Forse sono sempre stato troppo goloso con i miei vizi. Ho sempre voluto assaporare la vita fino all'ultima goccia. Valter, un mio compagno di corso in Università, mi enunciava sempre un brano di Eduardo de Filippo in napoletano, perfetto per l'occasione. L'ho salvato su una nota vocale whatsapp per riascoltarlo in occasioni perfette come questa.





Dint' a butteglia
n'atu rito 'e vino
è rimasto...
Embè
che fa
m' 'o guardo?
M' 'o tengo mente
e dico:
"Me l'astipo
e dimane m' 'o bevo?"
Dimane nun esiste.
E 'o juorno primma,
siccome se n 'è gghiuto,
manco esiste.
Esiste sulamente
stu mumento
'e chistu rito 'e vino int' 'a butteglia.
E che ffaccio,
m' 'o perdo?
Che ne parlammo a ffà!
Si m' 'o perdesse
manc' 'a butteglia me perdunarria.
E allora bevo...
E chistu surz' 'e vino
vence 'a partita cu l'eternità!


Salute!

Giù un altro bicchiere.

Ho mandato una mail al resto degli atenei di Milano. Dalla Cattolica al Politecnico. Naturalmente ho scritto anche al Conservatorio Verdi. Sicuramente sapranno chi sia Richard. Magari i suoi figli, cioè i miei fratellastri, hanno voluto seguire le orme del padre e si sono fatti musicisti. Qualcuno suona l’oboe. Qualcun altro il violoncello. Qualcuno magari ha voluto strafare e fare il Direttore d’orchestra. Ma quanti figli hai Richard? Sicuramente uno in più di quello che ti aspetteresti. A meno che tu non abbia avuto altre scappatelle in giro. Girando per tournée, conoscendo damigelle, cantanti, musiciste.

Ecco ora ho bevuto anche l'ultimo goccio di vino.

Sono arrivato al fondo della bottiglia ingurgitando anche quell'inquietudine.

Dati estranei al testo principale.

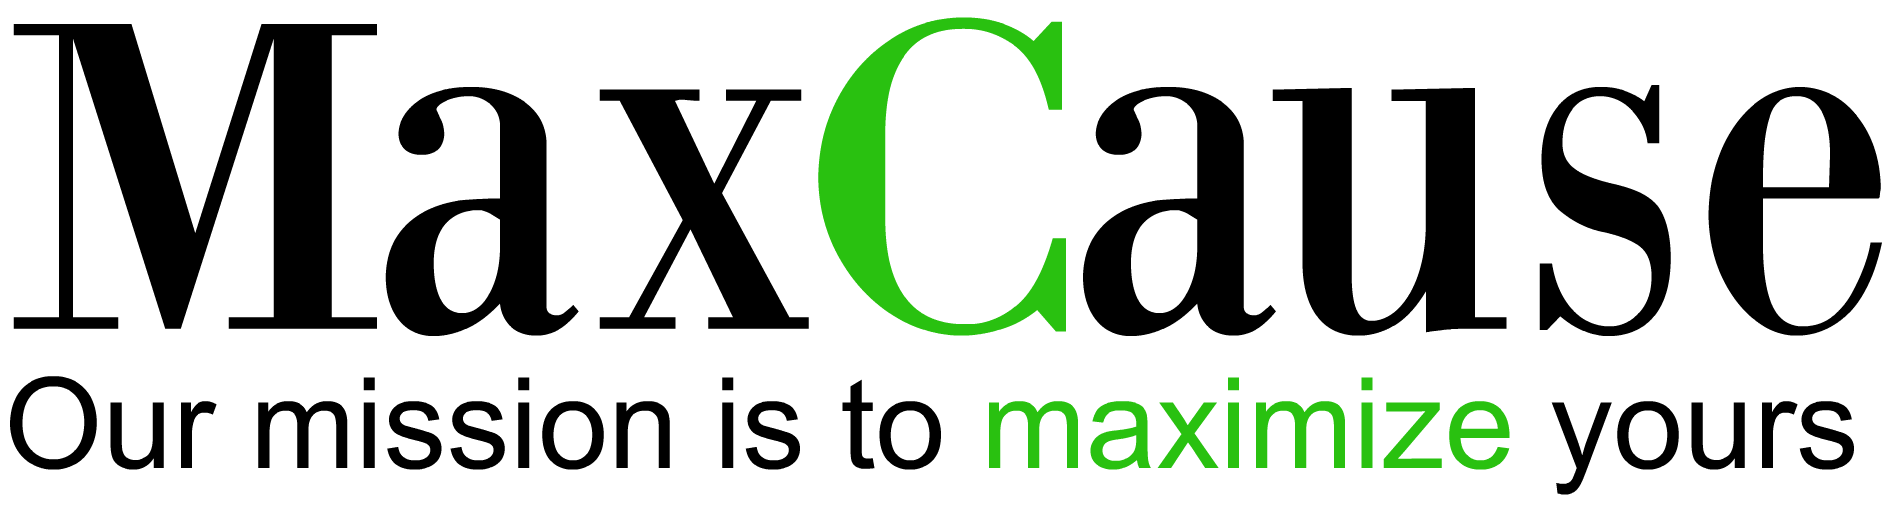 maxcause logo 1902x510 clear

La sensazione di avviarmi verso una strada sconosciuta. L'obiettivo è ben chiaro in testa, ma quali altri pericoli devo attraversare?

Una cellula della tua prole, Richard, è nata segretamente. Ed è totalmente fuori contesto. Una nota stonata sul tuo spartito. Spiacente, non suono nessuno strumento. Avrei forse potuto suonare il sassofono. Quello sì che mi piace. Quel suono ti entra nelle budella e ti smuove tutta l’energia sessuale assopita. Oppure ti risucchia tutte le emozioni intrappolate nel Tartaro del tuo subconscio.

Mi gira la testa.

Ecco la mia rotta. Scendere nel mio Tartaro. Affrontare i miei demoni faccia a faccia. La mia pazienza sarà testata duramente, ma sarà sul campo di battaglia che potrò vedere davvero di che pasta sono fatto.

Mi torna alla mente, tra i fumi dell'alcool una scena di un film, in cui i pirati si raccolgono per fronteggiare una flotta troppo grande, ma sono pronti a dare la propria vita per la loro libertà.

Il coraggio non può esistere senza la paura.